I want to make a barplot with binned data on the x axis and a corresponding probability on the y axis.
Each bin should contain 100 observations.
Here's a snapshot of my working data frame:
head(covs)
y Intercept slope temp heatload cti
1 0 1 1.175494e-38 -7.106242 76 100
2 0 1 4.935794e-01 -7.100835 139 11
3 1 1 3.021236e-01 -7.097794 126 12
4 1 1 1.175494e-38 -7.097927 75 98
5 0 1 1.175494e-38 -7.098462 76 98
6 0 1 1.175494e-38 -6.363284 76 100
And initial execution:
slopes <- as.matrix(covs$slope)
binned.slopes=cut2(slopes, m=100)
heights <- tapply(covs$y,binned.slopes,mean)
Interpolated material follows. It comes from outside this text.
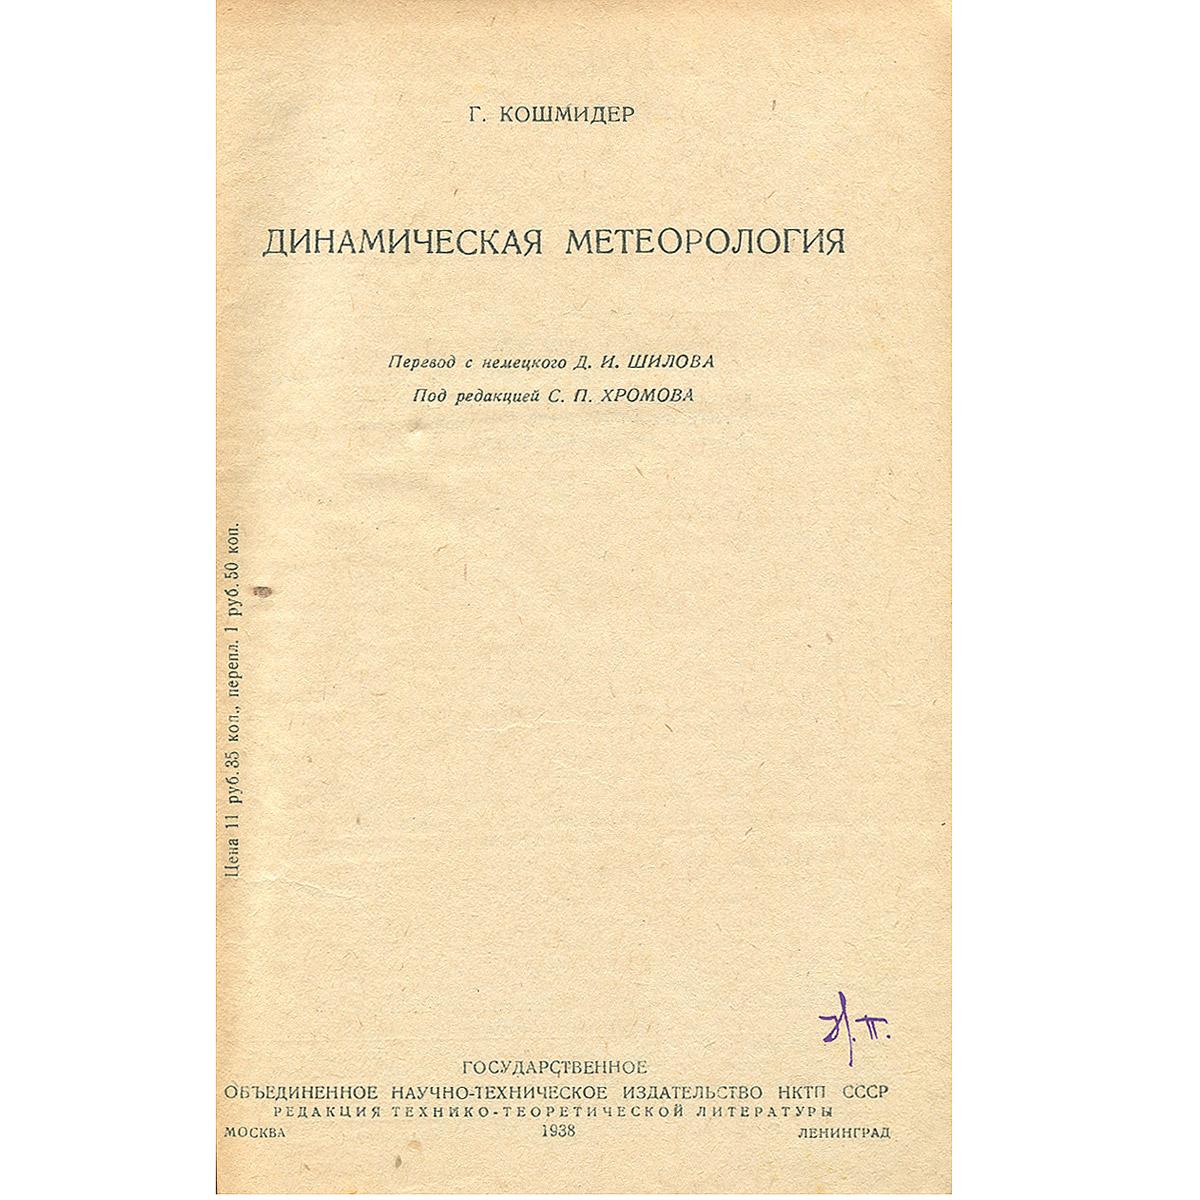 Динамическая метеорология

barplot(heights, ylim=c(0,1),
ylab="Probability of permafrost",
xlab="Slope",
col="lightgrey")
With the following result:
I have two questions:
What would be a better way to represent the x-axis without sacrificing explanatory power? The problem is that the intervals are all different lengths, given that bins are determined by observation count.
Is there a better way to do this in ggplot2?
Why don't you try plotting on a continuous axis and drawing the rectangles individually:
## Generate some sample data
covs <- data.frame(slope=rnorm(4242), y=sample(0:1, 4242, replace=TRUE))
## Sort it by slope (x-values)
covs <- covs[order(covs$slope), ]
## Set up the plot with a continuous x-axis
plot(
x=covs$slope,
y=covs$y,
type='n',
xlab='Slope',
ylab='Probability of permafrost'
)
## Split the data into bins, and plot each rectangle individually
for (bin in split(covs, ceiling(seq(nrow(covs))/100))) {
with(bin, rect(min(slope), 0, max(slope), mean(y), col='lightgrey'))
}
rm(bin)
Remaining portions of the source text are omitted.